N-Power Medicine aims to re-invent this model through a comprehensive point-of-care platform that introduces a single workflow for both routine patient care and clinical research, simultaneously. The goal is to generate research-ready data for all patients in real-time while dramatically reducing clinician workload, especially for tasks such as gathering patient data and generating clinical notes for the electronic health record (EHR). The N-Power platform is comprised of 3 core components: the Kaleido™ Registry (a point-of-care technology solution) as well as on-site and virtual experts to support clinic and research staff. But what does all of this actually mean? The best way to understand the benefits of the N-power platform is to walk through the journey of a single patient who has consented to the N-Power process in a participating clinic. N-power platform is to walk through the journey of a single patient who has consented to the N-Power process in a participating clinic.

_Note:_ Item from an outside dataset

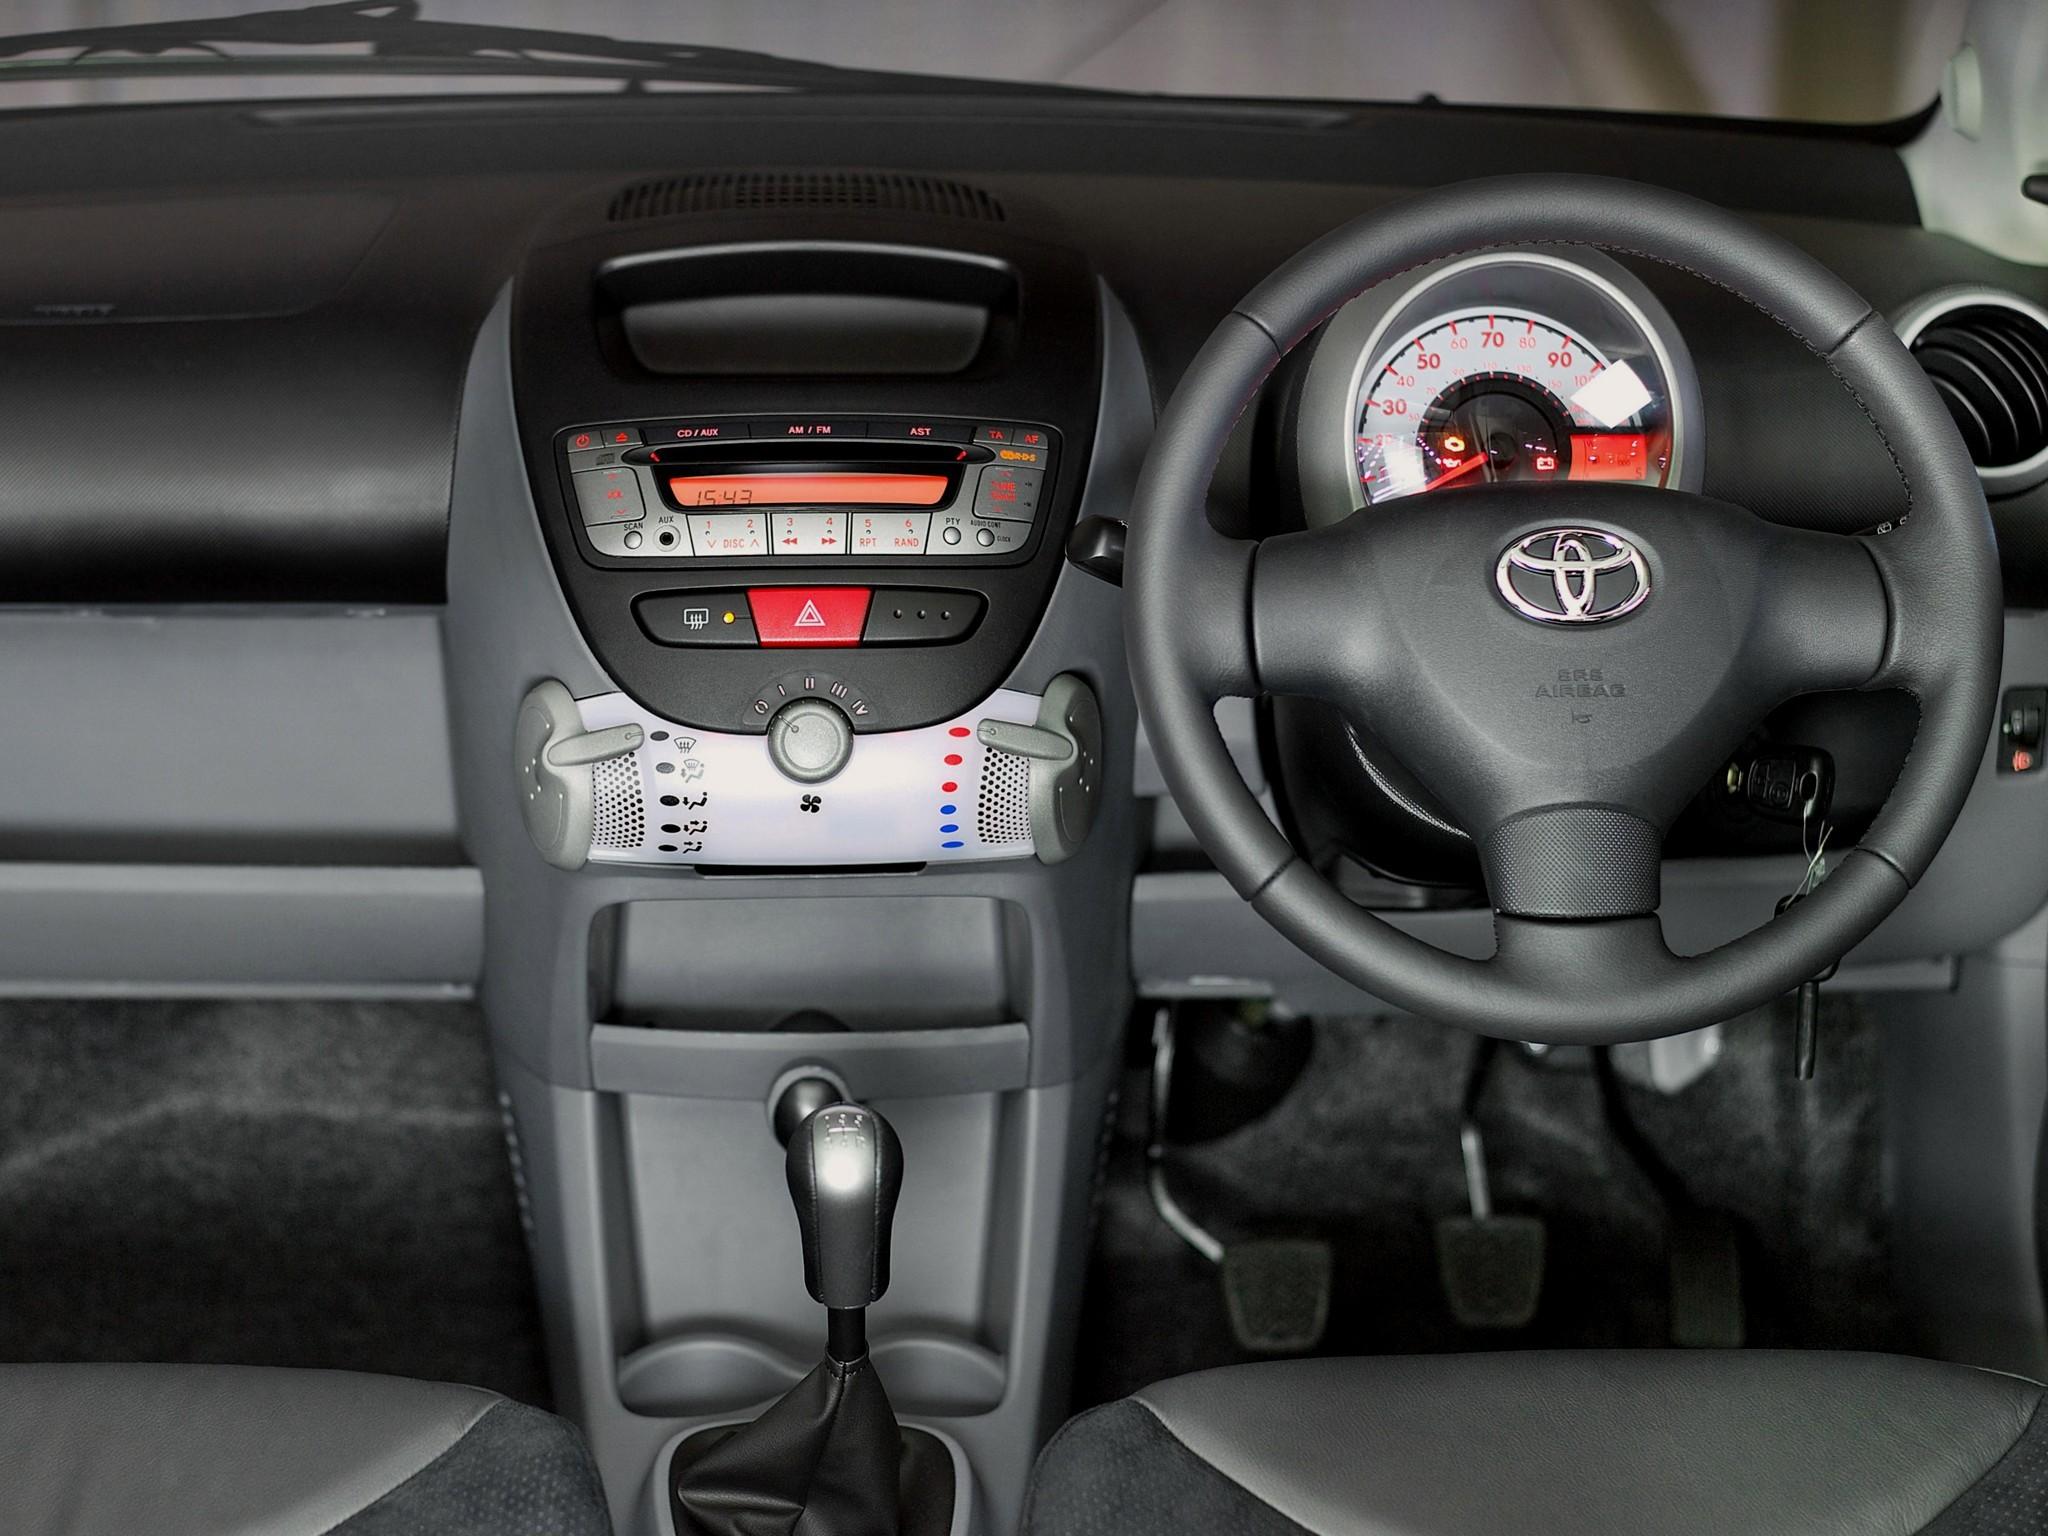 Toyota aygo 3 doors 2009 2010 2011 2012 2013 2014 autoevolution - Toyota aygo interior ...

Starting about a week prior to the patient’s appointment, the N-Power virtual team begins the process of abstracting the patient’s data from the clinic’s EHR and other data sources into the N-Power Kaleido™ Registry. Alongside the data abstraction, the N-Power team is also synthesizing the patient’s information into a pre-built note template for the provider to review and use during the appointment. (As you can imagine, this is a substantial time-saver for oncology practitioners in the clinic.) During data collection, patients are automatically identified for potential trials available at the site. These findings (including data needed or tests that must be ordered) are communicated to the clinic and research staff before the visit. When the provider eventually sees the patient, they are prepared to discuss the clinical trial with the patient. Once patients enroll onto a trial, the on-site N-Power staff function similarly to clinical research coordinators to provide support to sites in various capacities, enabling the clinic staff to focus their efforts on patient care and opening new trials.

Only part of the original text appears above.